Marc I, Rainville P, Verreault R, Vaillancourt L, Masse B, Dodin S.

Reduction of pain medication during first-trimester surgical abortion by a brief hypnotic intervention.

Chaire Lucie et André Chagnon pour l'avancement d'une approche intégrée en prévention, Université Laval, Quebec City, PQ Canada, Centre de recherche de l'Hôpital Saint-François d'Assise (CHUQ), 45 rue Leclerc, Local D6-702, Québec G1L 3L5, Canada. isabelle.marc@crsfa.ulaval.ca

OBJECTIVES: This report describes an open randomized study to determine whether a brief hypnotic intervention during first-trimester surgical abortion reduces requests for pain medication.

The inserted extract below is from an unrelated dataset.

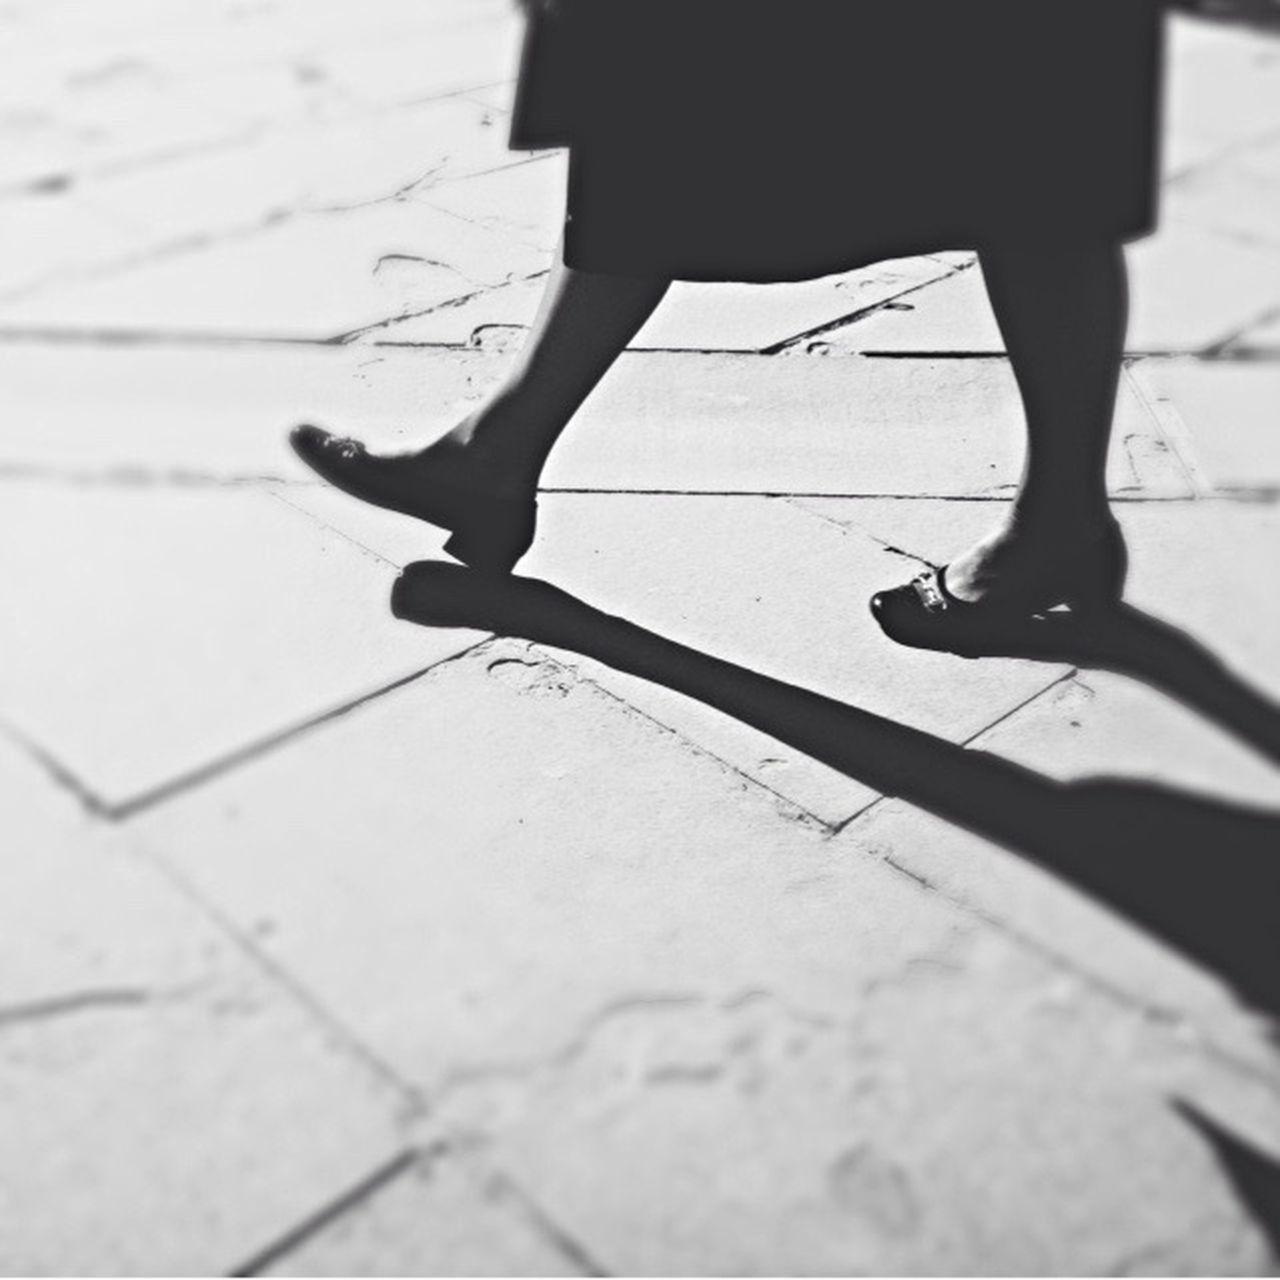 Nonna. Blackandwhite Monochrome Photography Piazza Unità Walking Sittingwaitingwishing
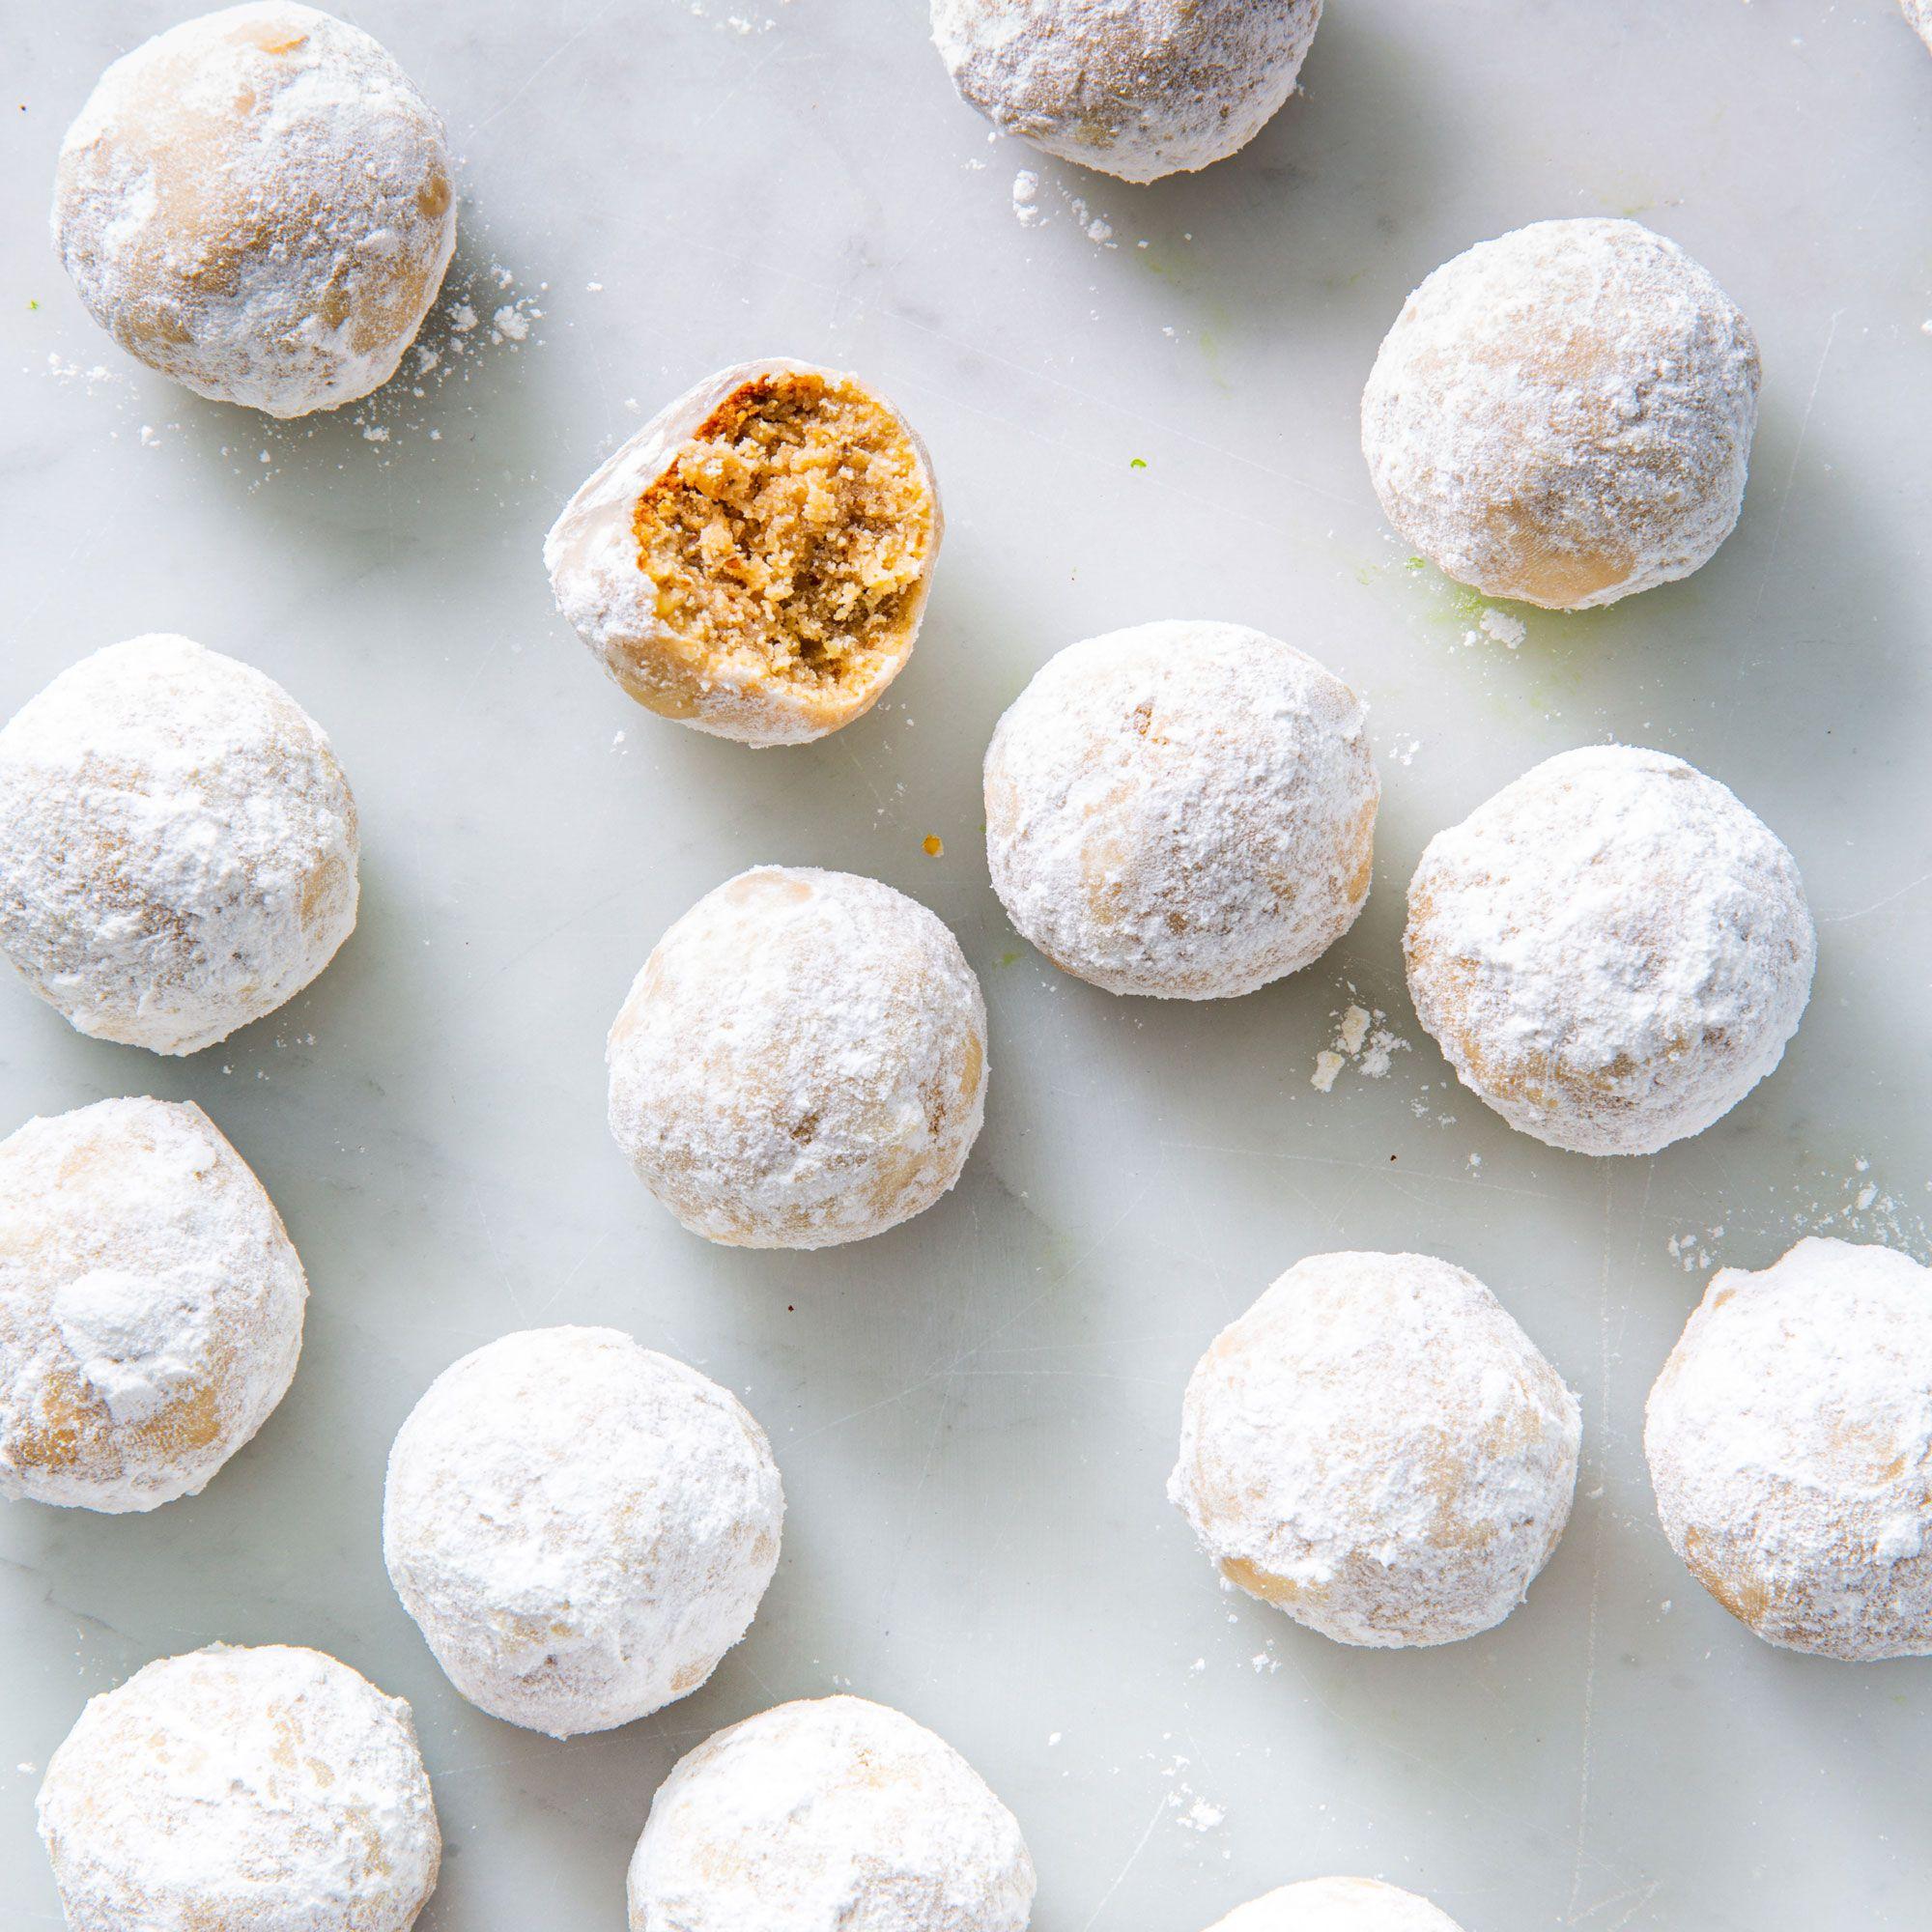 Thank you for voting for Matt and Megha's Keto Walnut Snowballs!

METHODS: 30 women undergoing first-trimester surgical abortion at the family planning clinics of a large hospital in Quebec City were randomized into a control group that received standard care and a hypnosis group that received, in addition to standard care, an intervention of hypnosis including analgesia suggestions 20 minutes before and throughout the surgical procedure. Patients in both groups were given the option to control their pain with nitrous oxide (N2O) sedation administered through a nose mask as often and for as long as they wanted during the procedure. N2O sedation as the primary outcome was assessed at each step of the procedure. The patient's self-reported anxiety and pain were also assessed during the procedure as secondary outcomes.

RESULTS: 36% of patients in the hypnosis group requested N2O sedation during the procedure versus 87% in the control group (p<0.01). No differences between the groups were found in reports of pain and anxiety during the procedure.

DISCUSSION: These preliminary results suggest that hypnosis can be integrated into standard care and reduces the need for N2O in patients undergoing first-trimester surgical abortion. This reduction in N2O consumption did not lead to significant changes in pain or anxiety and a larger sample size is required to assess possible effects of hypnosis on those variables. In a main study (under recruitment), the main outcome (success) is defined by the combination of 1) the superiority of hypnosis versus standard treatment with medication (intra-venous conscious sedation) during the intervention AND 2) the non-inferiority of hypnosis versus standard treatment with respect to anxiety, and the intensity of pain during abortion.